Local civic pride in my community and industry generates a sort of knee jerk reaction. Of course we would do it better/faster/cheaper here. However if you take a step back and really look honestly at how online Software as a Service (SaaS) has been done here over most of the past 20 or so years that people have been making websites, you reach a different conclusion. Namely, it’s hard to fault Obama Administration. They built a website in a way that is completely in accordance with the established ways that people have built and tested online Software platforms for most of the past decade in The Valley.

The only problem is it doesn’t work.  Never has.

The problem then isn’t that they did anything out of the ordinary.  On the contrary.  They walked a well worn path right off a cliff very familiar to the people I work with. However, new methodologies and tools are changing that. So, the fault is that they didn’t see the new path and take that instead.

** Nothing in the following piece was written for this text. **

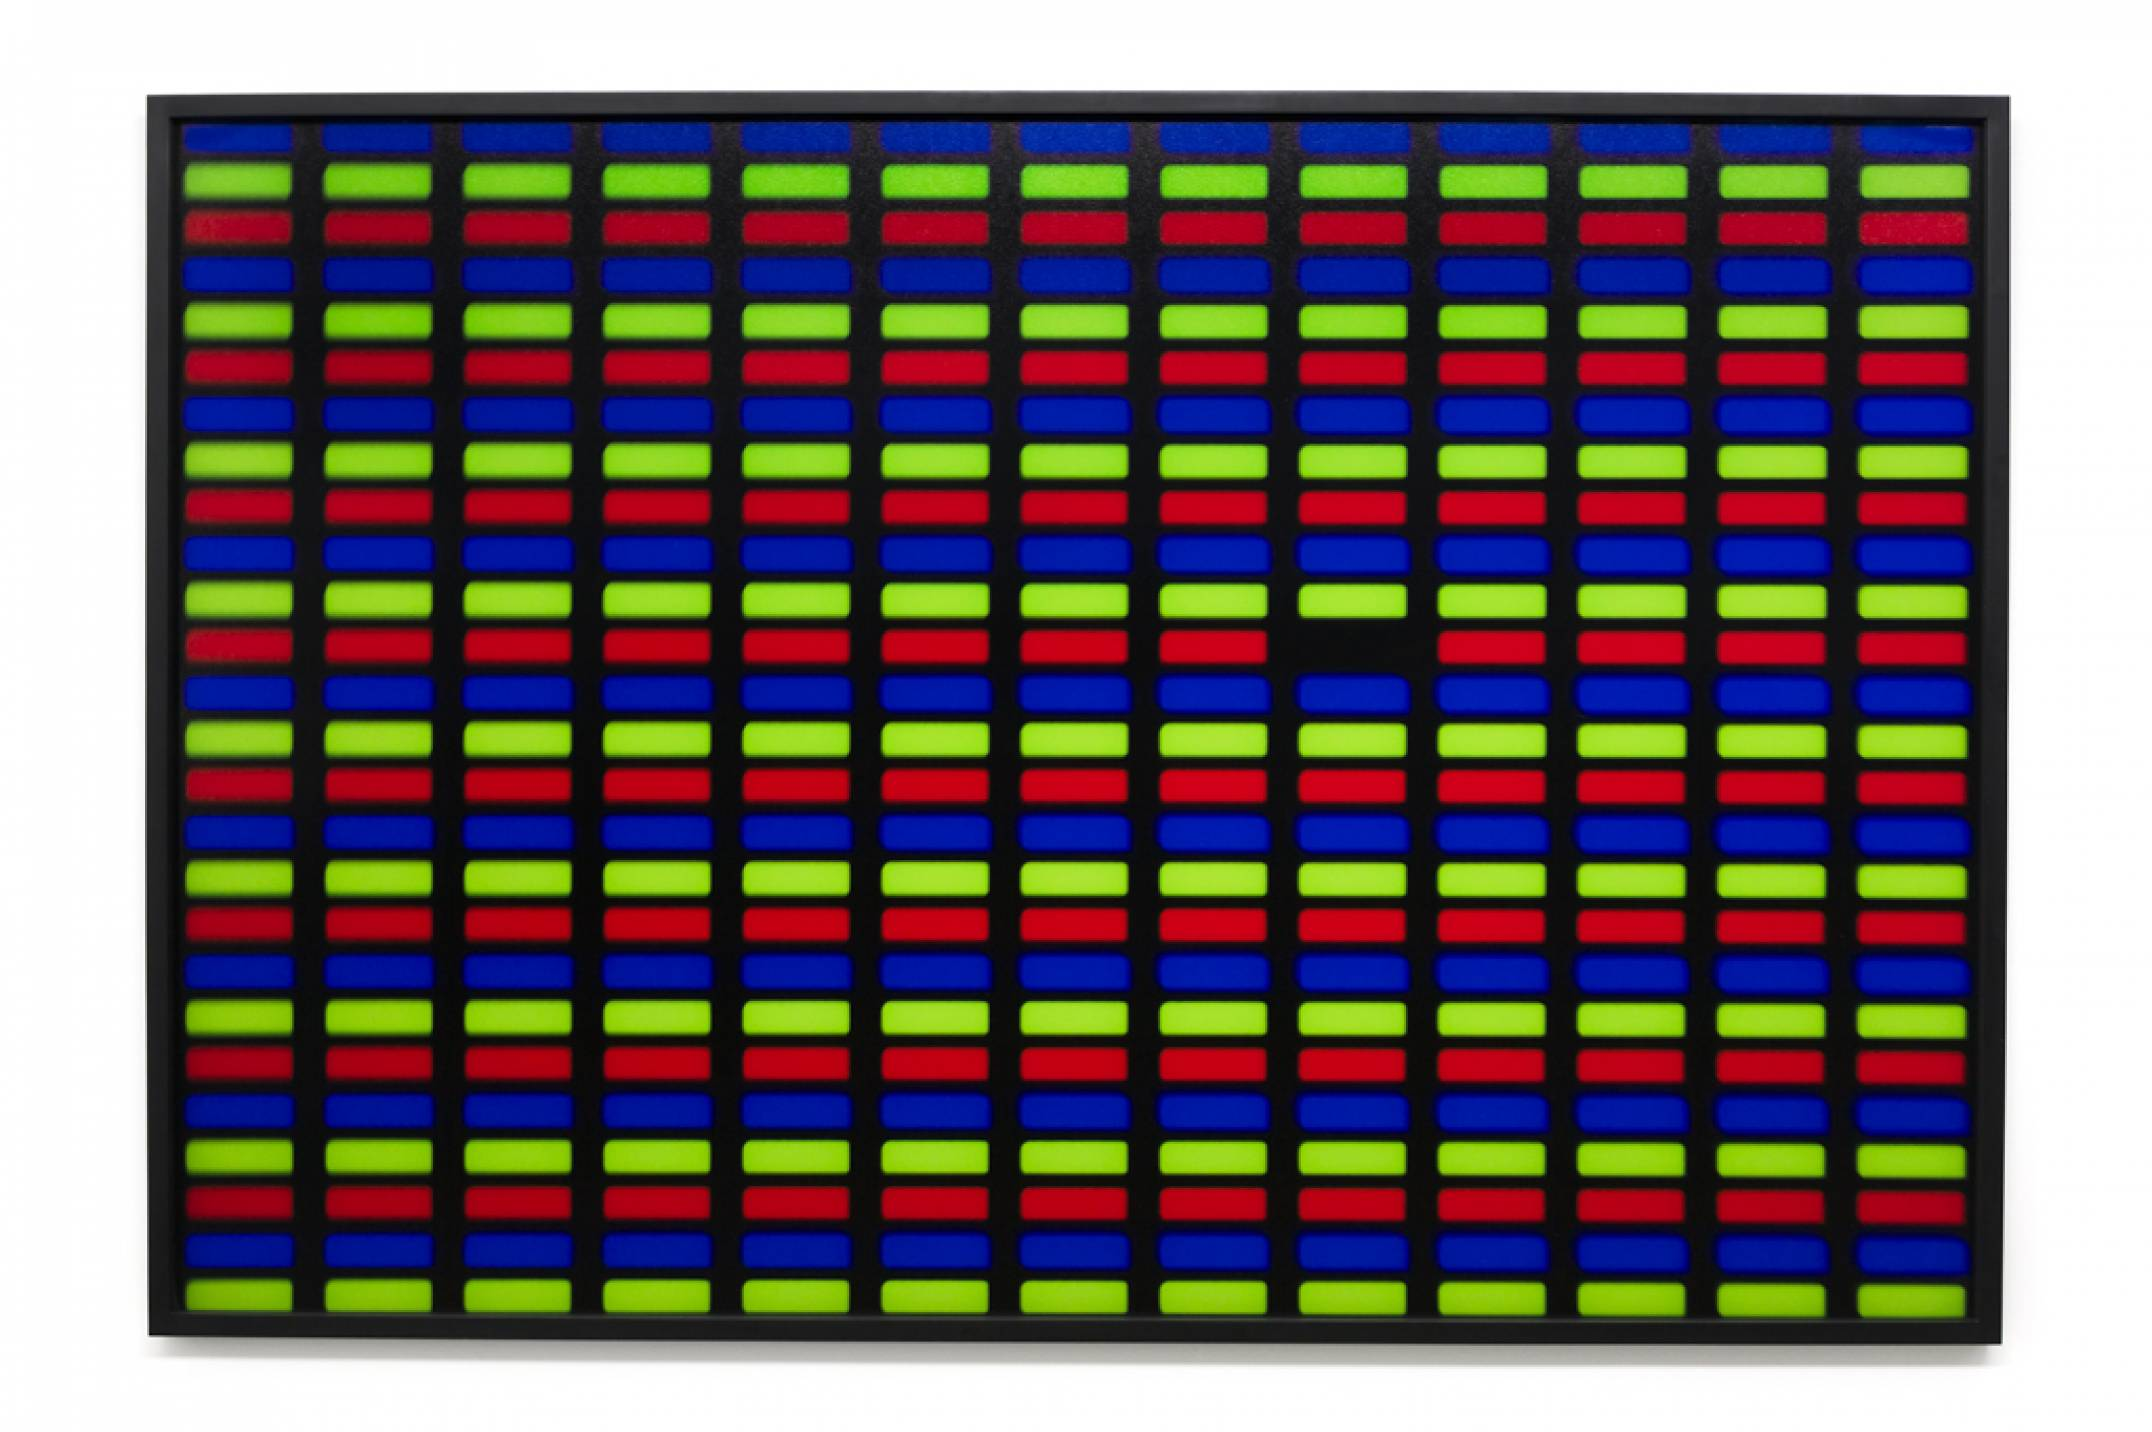 Roberto WInter,<em>Dead pixel (TFT)</em>, 2017, printing inkjet on paper Hahnemühle FineArt Baryta, 110 × 165 cm - Mendes Wood DM

I’d like to point out from the start that I’ve got no special knowledge about the specifics of HealthCare.gov. I didn’t work on this project.  All of what I know is what I’ve read in the newspapers. So starting with that premise I took a dive into a recent New York Times article with the goal of comparing how companies in The Valley have faced similar challenges, and how that would be dealt with using the path not taken, of modern flexible — Agile in industry parlance — software development.

Fact Set:

  • $400 million
  • 55 contractors
  • 500 million lines of code 

$400 million — Lets consider what that much money might buy you in Silicon Valley. By December of 2007 Facebook had taken in just under $300 million in investment and had over 50 million registered users — around the upper end of the number of users that the HealthCare.gov site would be expected to handle.  That’s big. Comparisons between the complexity of a social media site and a site designed to compare and buy health insurance are imperfect at best. Facebook is a going concern and arguably a much more complex bit of technology.  But it gives you the sense that spending that much to create a very large scale networking site may not be that extravagant. Similarly Twitter had raised approximately $400 million by 2010 to handle a similar number of users. On the other hand eBay, a much bigger marketplace than HealthCare.gov will ever be, only ever asked investors for $7 million in funding before it went public in 1998.

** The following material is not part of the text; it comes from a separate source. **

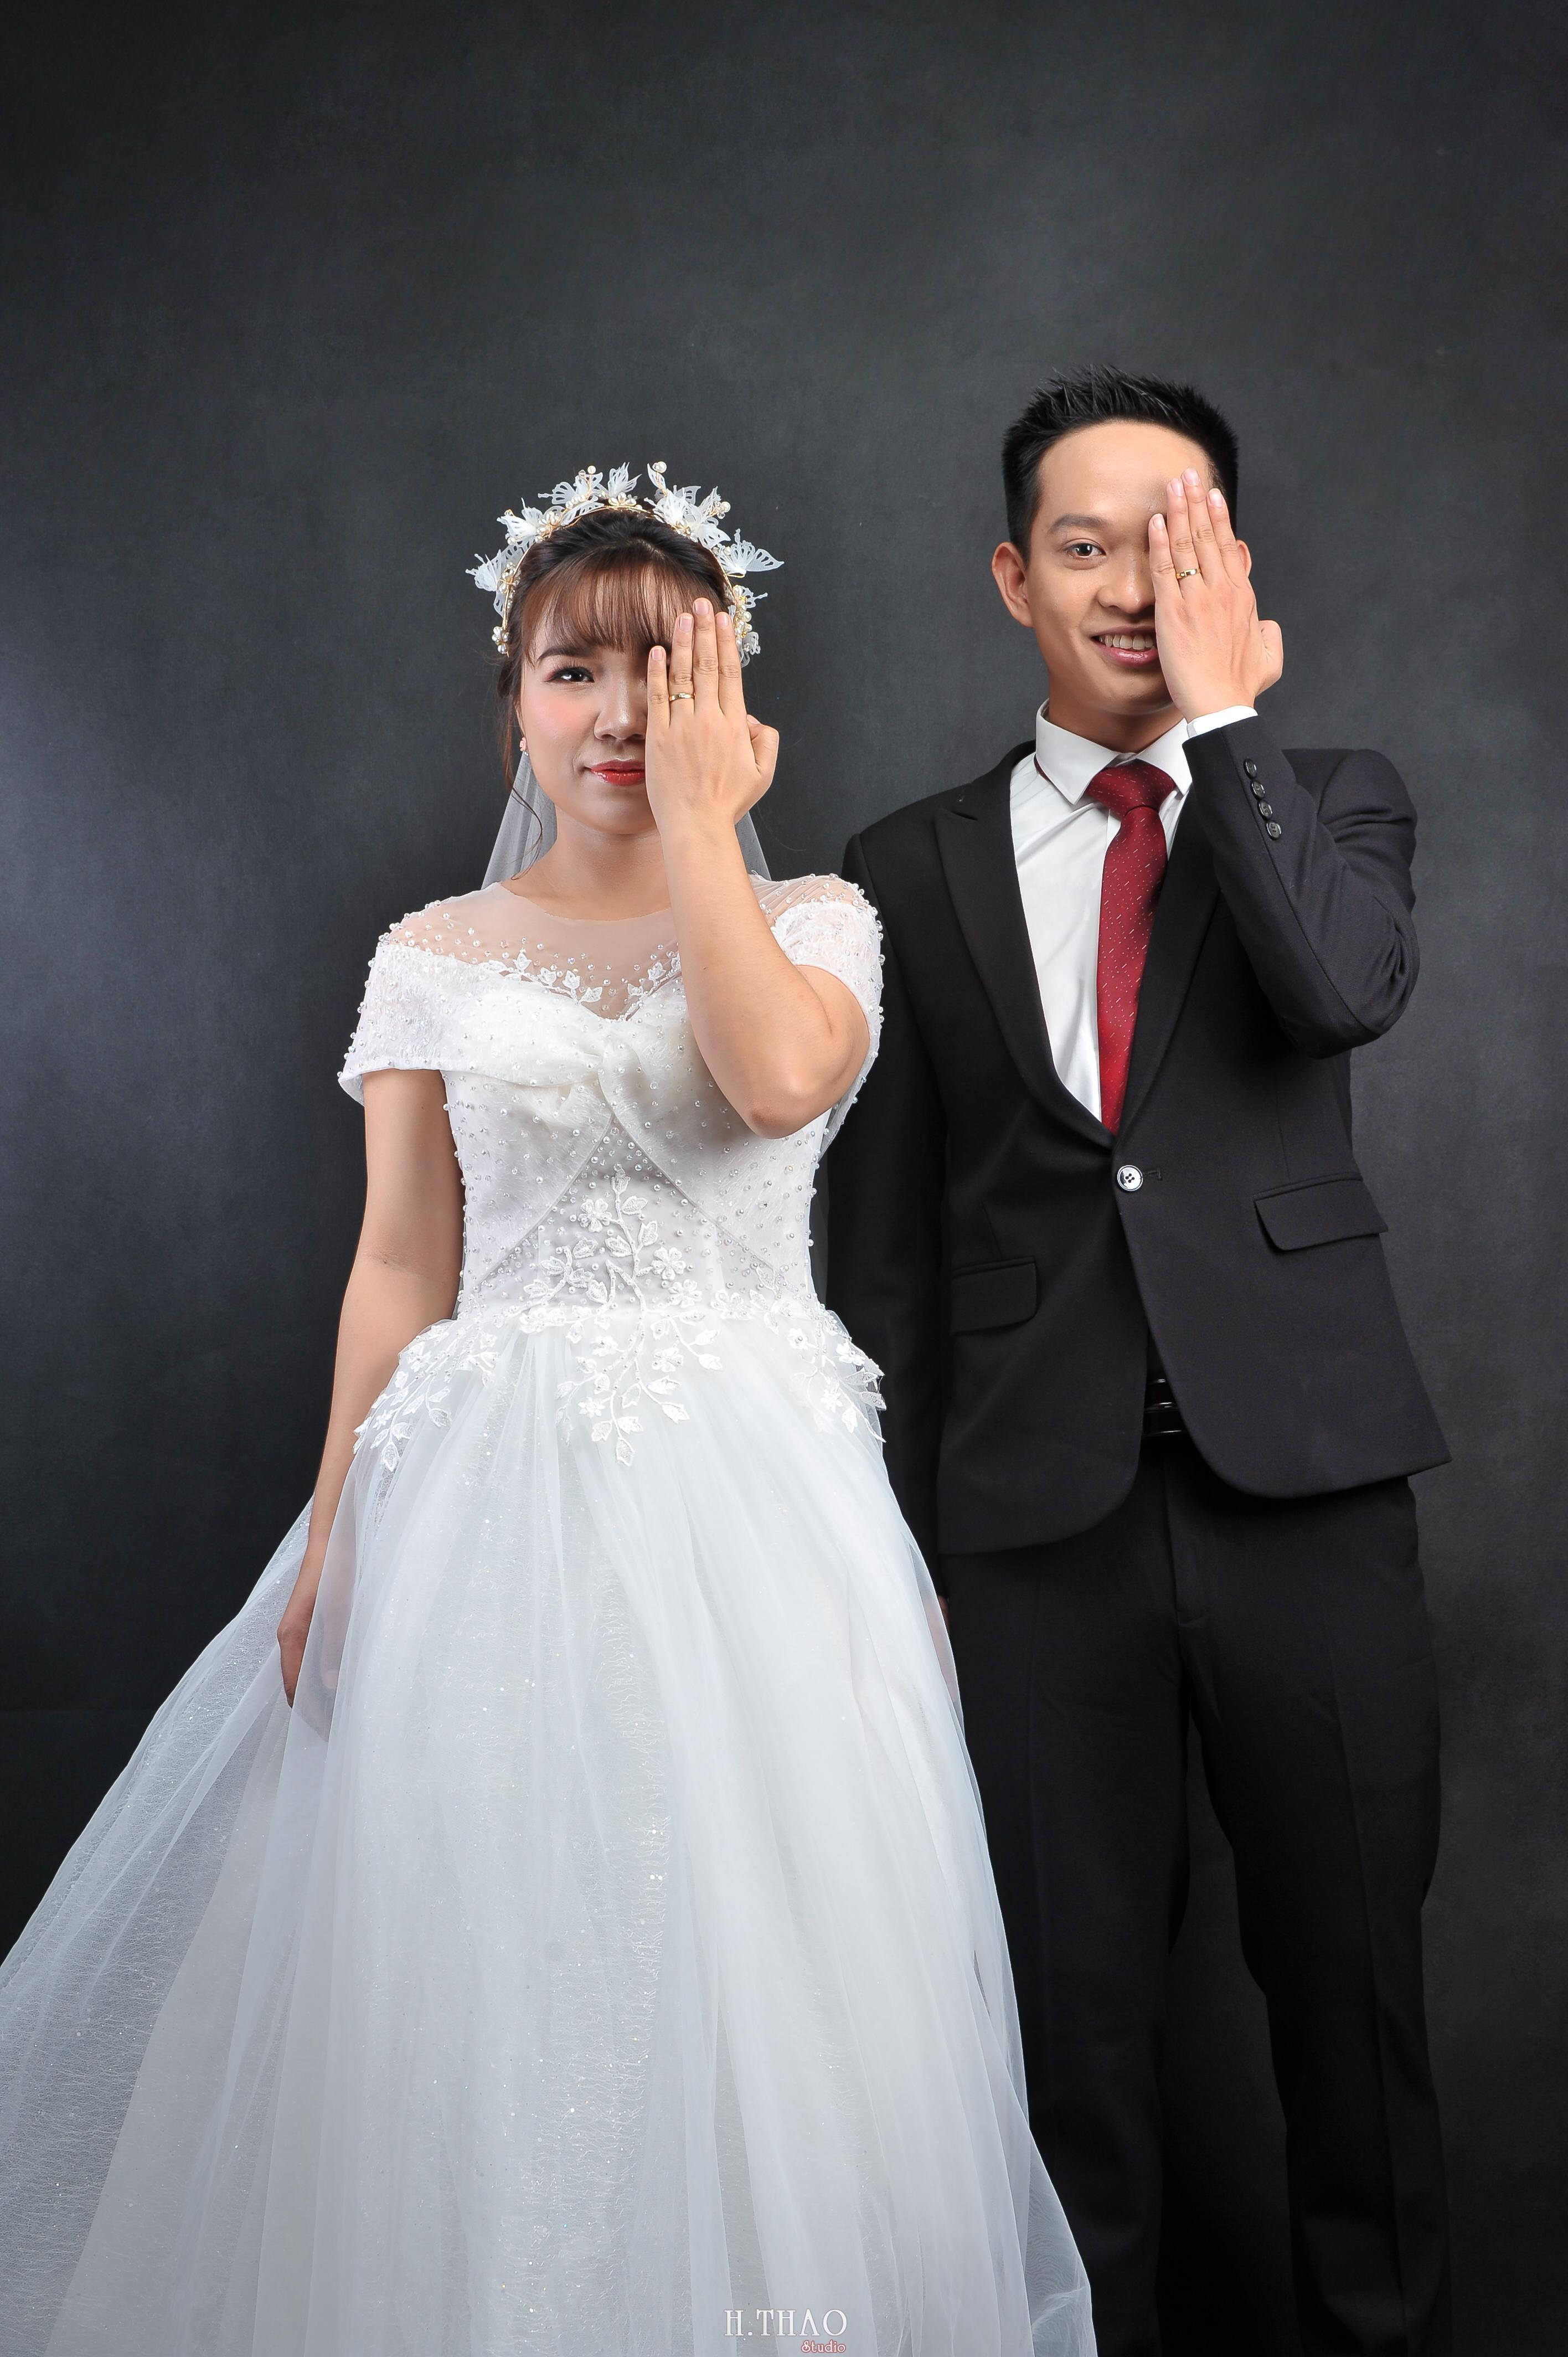 Anh cuoi style Han quoc 6 min - Chụp ảnh cưới đơn giản mà đẹp tại studio – HThao Studio Tp.HCM

55 contractors — If you assume that each contractor has 1,000 technical people on the project you are taking about a combined development organization about the size of Google (54,000 employees according to their 2013 Q3 Statement) for HeathCare.gov. To paraphrase the late Sen. Lloyd Benson ‘I know Google, Google is a friend of mine and let me tell you… you are no Google’

500 million lines of code – That is a number of astronomical proportions. It’s like trying to image how many matches laid end to end would reach the moon (that number is closer to 15 billion but 500 million matchsticks will take you around the earth once). Of all the numbers in here, that is the one that is truly mind boggling.  So much to do something relatively simple. As one source in the article points out, “A large bank’s computer system is typically about one-fifth that size.”  Apples latest version of the OSX operation system for computers has approximately 80 million lines of code.  Looking at it another way, that is a pretty good code to dollar ratio. The investors in Facebook probably didn’t get 500 million lines of code for their $400 million. Though, one suspects, they might have been pretty appalled if they had.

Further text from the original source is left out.